— AVAILABLE DATA —
Segment Open
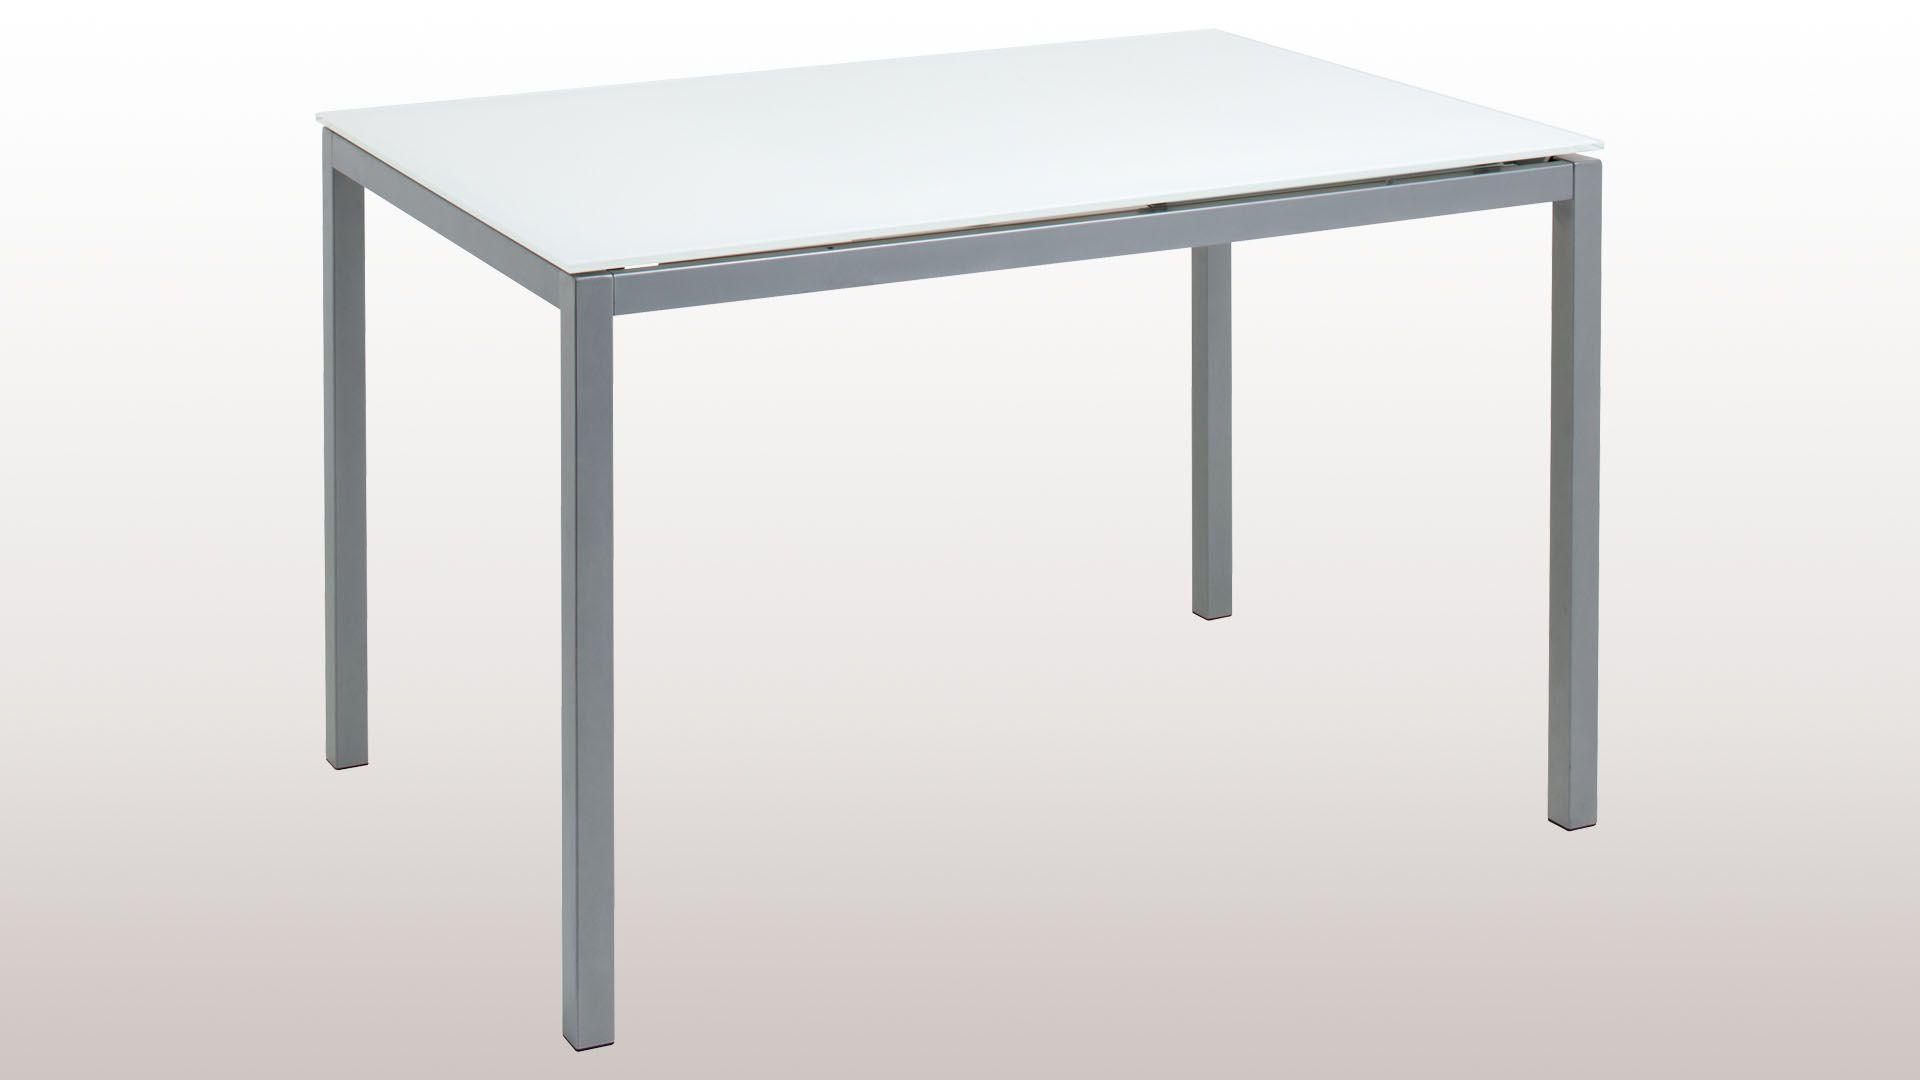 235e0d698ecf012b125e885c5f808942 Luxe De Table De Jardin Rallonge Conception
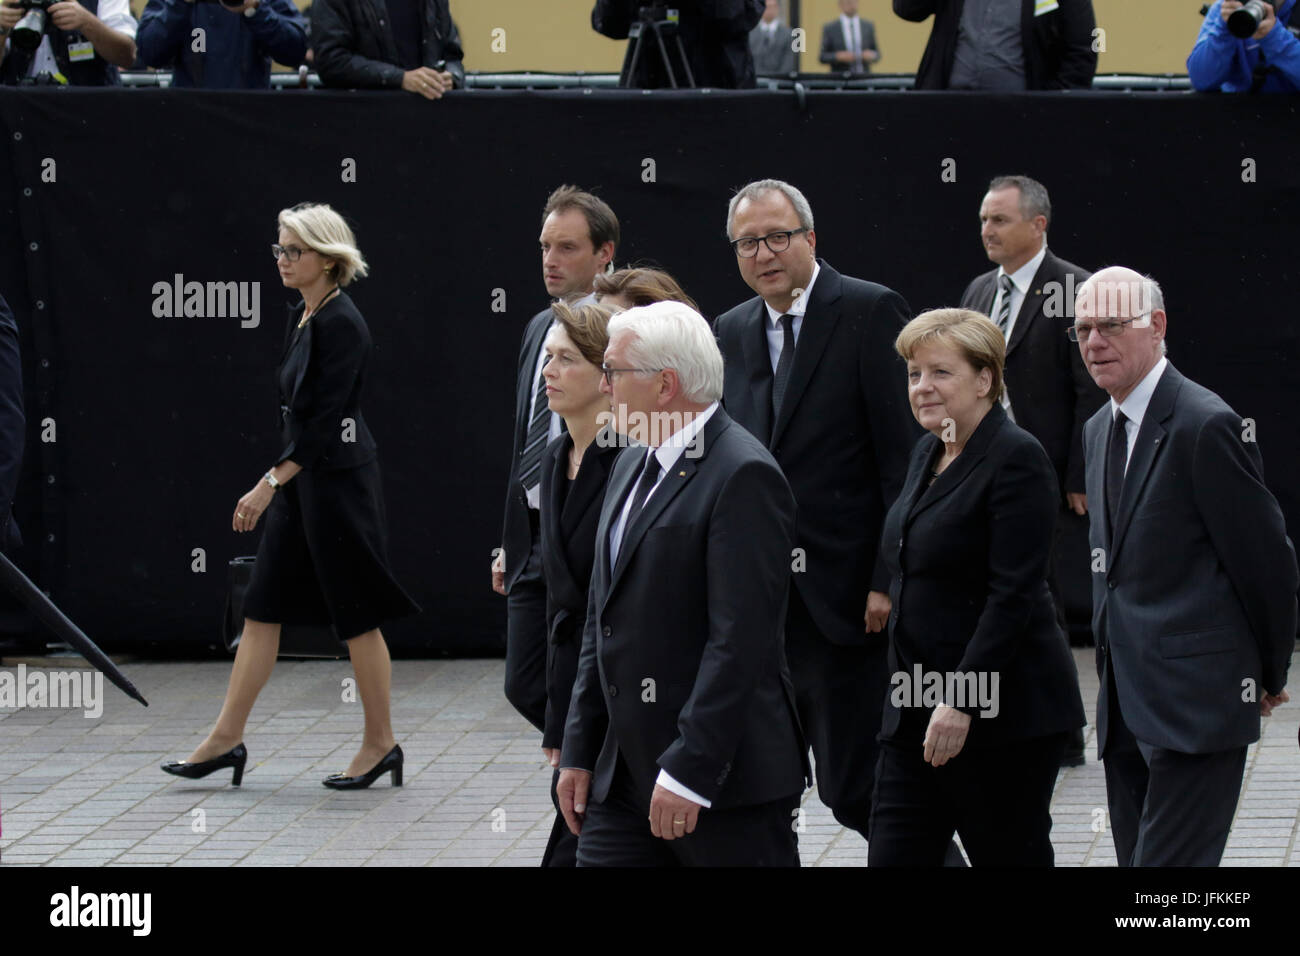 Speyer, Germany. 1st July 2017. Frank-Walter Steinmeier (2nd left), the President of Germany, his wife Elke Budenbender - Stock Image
Segment Closed
Segment Open
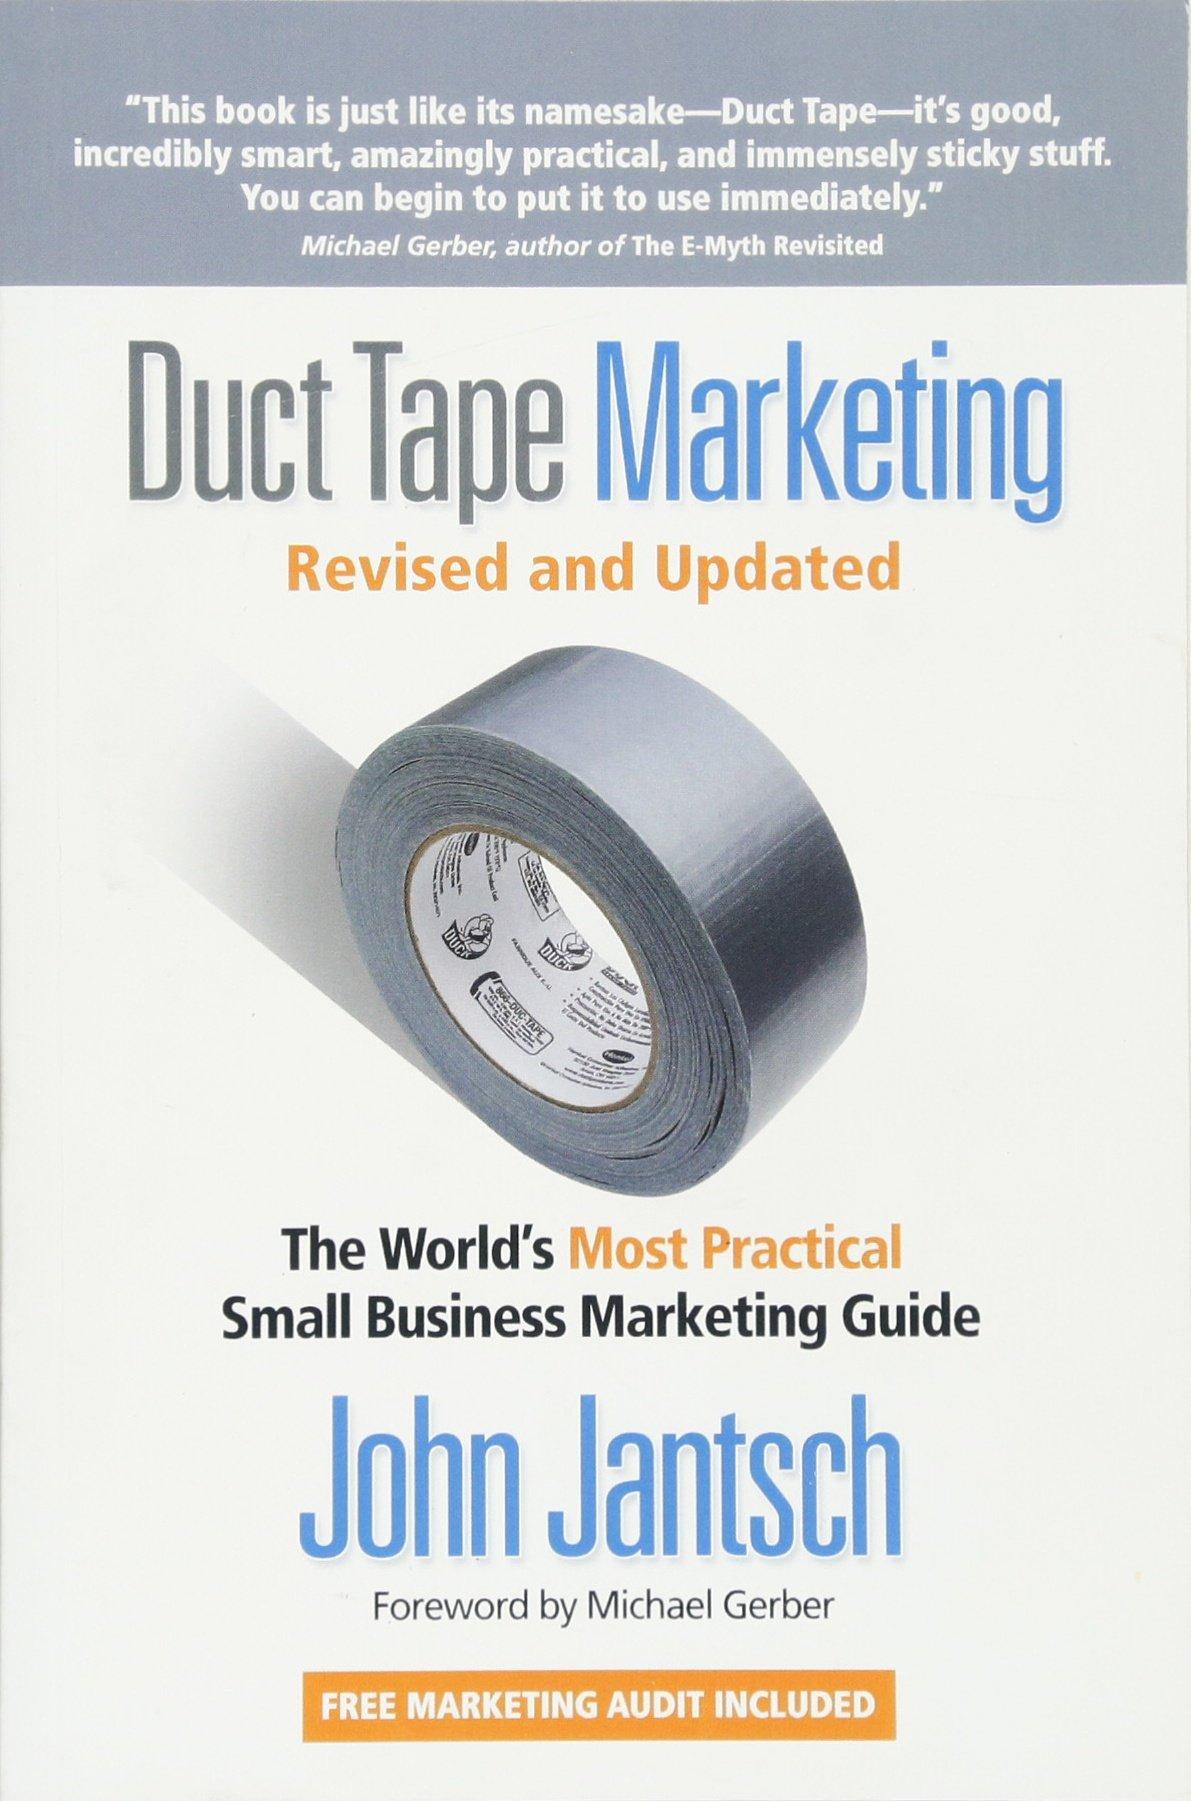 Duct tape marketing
Segment Closed
Segment Open
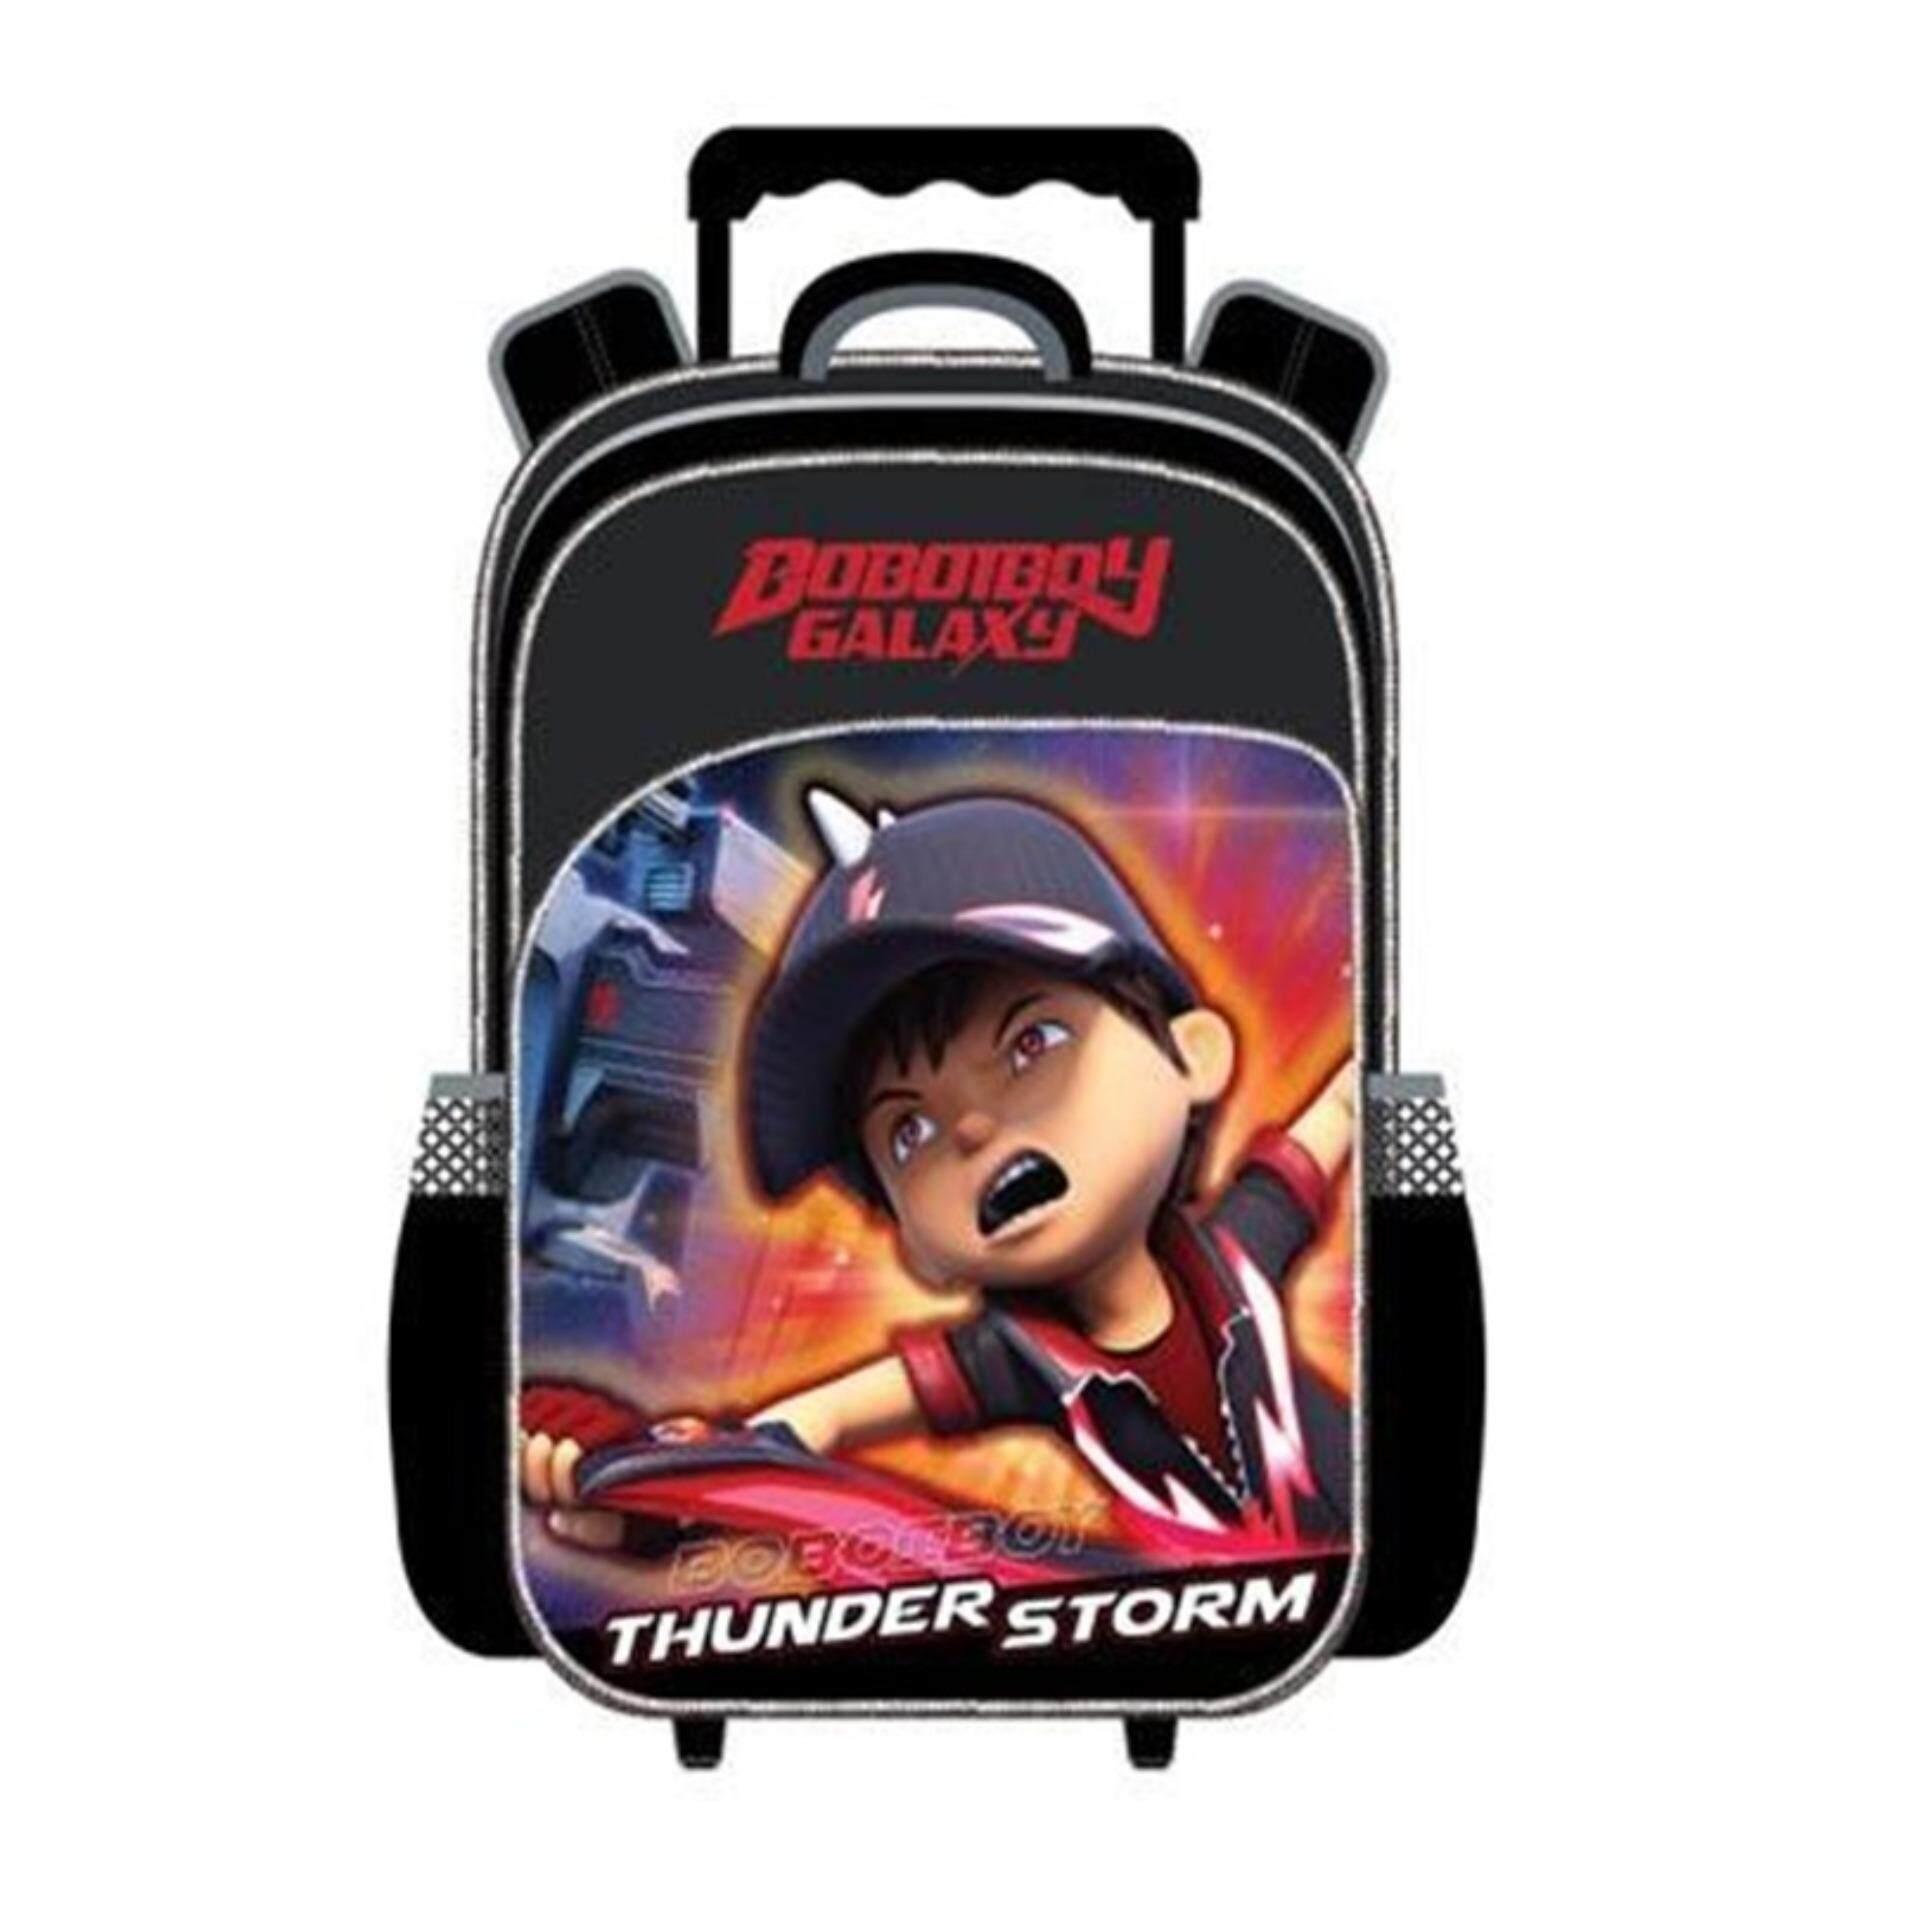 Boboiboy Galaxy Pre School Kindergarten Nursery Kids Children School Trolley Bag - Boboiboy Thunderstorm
Segment Closed
— ABOUT THIS EXERCISE —
In the listing above, find the line with "235e0d698ecf012b125e885c5f808942 Luxe De" and the line with "Speyer, Germany. 1st". Set down both and every line between them, minus the pictures.

— RESPONSE BELOW —
 235e0d698ecf012b125e885c5f808942 Luxe De Table De Jardin Rallonge Conception
 Speyer, Germany. 1st July 2017. Frank-Walter Steinmeier (2nd left), the President of Germany, his wife Elke Budenbender - Stock Image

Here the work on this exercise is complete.